Weak Supervision

Some intuition

  • Weak supervision: The usage of high-level or noisy data sources as a form of input into ML models
    • The goal is to generate large datasets more rapidly than is capable through manual annotation
    • Useful for when problems can be solved via lots of imperfect labels rather than small amounts of perfect labels
    • Analysing when, how, and where different labelling functions agree or disagree with eah other to determine when and how much to trust them

  • Data sources range from high to low quality
  • Example domains: Time series analysis, video and image classification, text and document classification

What weak supervision isn’t

Rule-based classifiers: Use rules to perform classification, not just used as labelling functions

  • Cannot generalise outside of the rules defined

  • Weak supervision only uses labelling functions to generate labels and then uses ML to classify

Semi-supervised learning (SSL) - Using a small amount of labelled data and lots of unlabelled data for training

  • Propagates knowledge based on what is already labelled to label more

  • Weak supervision allows for knowledge to be injected by what you know to label more

  • SSL is akin to smoothing the edges, whereas weak supervision discovers and addresses new uses

The case of active learning

Active learning can be used as a form of SSL

  • Learner machine iteratively selects data it is most uncertain about / are the most informative

  • Human oracle labels this smaller subset of data, reducing overall amount of data to be manually labelled

  • May introduce bias to the data that the machine learns from

The case of active learning

Active learning

  • Includes labels generated by expensive humans, often SMEs
  • Labels assumed to be accurate and single-sourced
  • More expensive labelling process
  • Iterative process, labelling done in a human-in-the-loop fashion until satisfied

Weak supervision

  • Label sources are flexible and often include more than one
  • Data often inaccurate and incomplete
  • Can label up to millions of data points automatically
  • Weak supervision models trained fully when all labels gathered

WeakAL is a new research domain that combines the two

Let’s have a go at it!

  • Crowdsourcing
  • Automatic labelling functions
  • Mixed level of expert annotation

Data Programming

  • A novel paradigm for programmatically creating large labelled training sets using weak supervision, shifting the focus from feature engineering to data set creation

    • Allows users to express domain heuristics, weak supervision sources, or external knowledge as labelling functions
    • Noisy and potentially conflicting programs that label subsets of the data
    • Distinct from crowdsourcing and distant supervision
  • Authors propose a generative model to label the data in which the accuracies and correlations of the labelling functions are learned to de-noise labels, achieving comparable performance to supervised methods

    • Noise-aware discriminative loss function able to account for the noise in labels, enabling logistic regression and LSTM model training
    • Effective with hand-crafted features and features generated automatically from LSTMs

Data programming continued

Even in their simple application of a binary classification task, a complex set of dependencies can be modelling between the labelling functions

User-defined dependency graphs can be used to help model relationships, but this can become unwieldy

Data programming performance relies on the quality of labelling functions and the specific task and nature of the weak supervision sources involved

Snorkel AI

  • First system to employ data programming, allowing users to write labelling functions which are noisy and potentially conflicting
  • Denoises labels using a generative model that trains a discriminative model (DNN) on probabilistic labels
  • Key innovation is the combining of multiple weak supervision sources with no ground truth

Snorkel AI continued

There is a trade-off space between accuracy and computational cost - How do we choose an effective modelling strategy?

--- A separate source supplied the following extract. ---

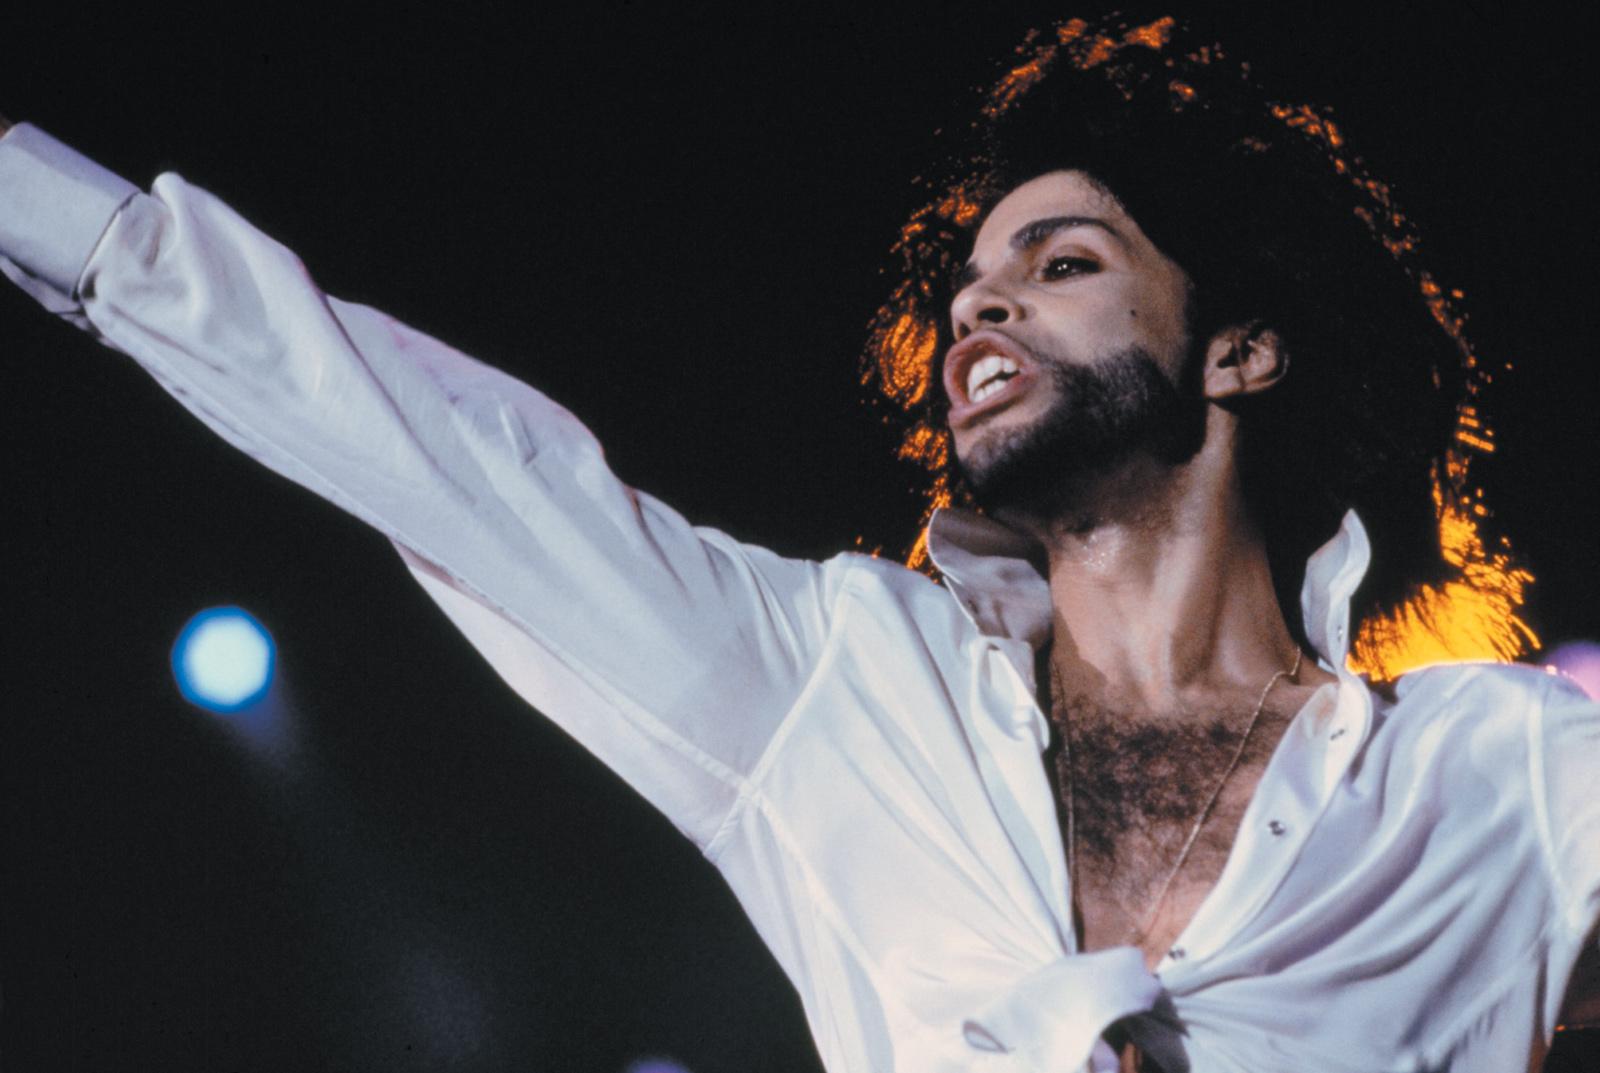 Prince performing at a music festival in Rio de Janeiro, 1991

  • Can use a heuristic that considers label density, taking expected counts of instances in which a weighted MV could flip the incorrect predictions of unweighted MV under best case - modelling advantage

  • Hard to define a GM that can account for modelling dependencies between labelling functions

  • Can use a psuedolike estimator to compute the objective gradient, requiring a threshold parameter to trade-off between predictive performance and computing cost - hit an elbow point on a graph to estimate

Learning from Crowds

Learning with multiple noisy labels gathered from annotators, often with substantial disagreement

Propose a probabilistic framework that jointly learns:

  • A classifier / regressor
  • The accuracy of each annotator
  • The actual hidden true labels

Binary classification problem in which each annotator’s performance is modelled by their sensitivity and specificity (as seen in a mixing matrix)

Expectation Maximisation (EM) algorithm is used to iteratively estimate the true labels, annotator performance, and classifier parameters

Bayesian approach allows prior knowledge about each annotator’s performance to be incorporated, allowing for a weighting beyond simple majority voting

Performance of annotators assumed to be indepedent on instance features, their errors are assumed to be indepedent, and model doesn’t account for varying difficulty of instances

The Weak Supervision Landscape

Framework for categorising weak supervision settings, focussing on the true label space, weak label space, and the weaking process.

True label space - Describes nature of the task, and the number of labels that can be assigned (multi-label)

Weak label space - Capture the flexibility in the annotation process

Weakening process - Describes how true labels are transformed into weak labels

Compare non-aggregate WS settings to aggregate WS settings - much more non-aggregate WS settings

Non aggregate settings:

  • Noisy labels
  • Partial labels
  • Semi-supervised learning
  • Positive-Unlabelled (PU learning)
  • Multiple annotators

Aggregate settings:

  • Multiple instance learning (MIL)
  • Learning from label proportions (LLP)

I promised one equation

Mixing matrix - A matrix that models the weakening process, describing the probability of transforming a true label into a weak label

  • Can be used to reverse the noise process and make learning unbiased via algorithms such as EM, but can be very expensive
  • Can also model annotator’s behaviour

For a binary classification problem, the mixing matrix for the \(j\)-th annotator is:


(\(M^j\)) = \[\begin{bmatrix} \Pr(y^j = 0 \mid y = 0) & \Pr(y^j = 0 \mid y = 1) \\ \Pr(y^j = 1 \mid y = 0) & \Pr(y^j = 1 \mid y = 1) \end{bmatrix}\]


This can be rewritten in terms of the annotator’s specificity (\(\beta^j\)) and sensitivity (\(\alpha^j\)):


(\(M^j\)) = \[\begin{bmatrix} \beta^j & 1 - \alpha^j \\ 1 - \beta^j & \alpha^j \end{bmatrix}\]


And we’re done!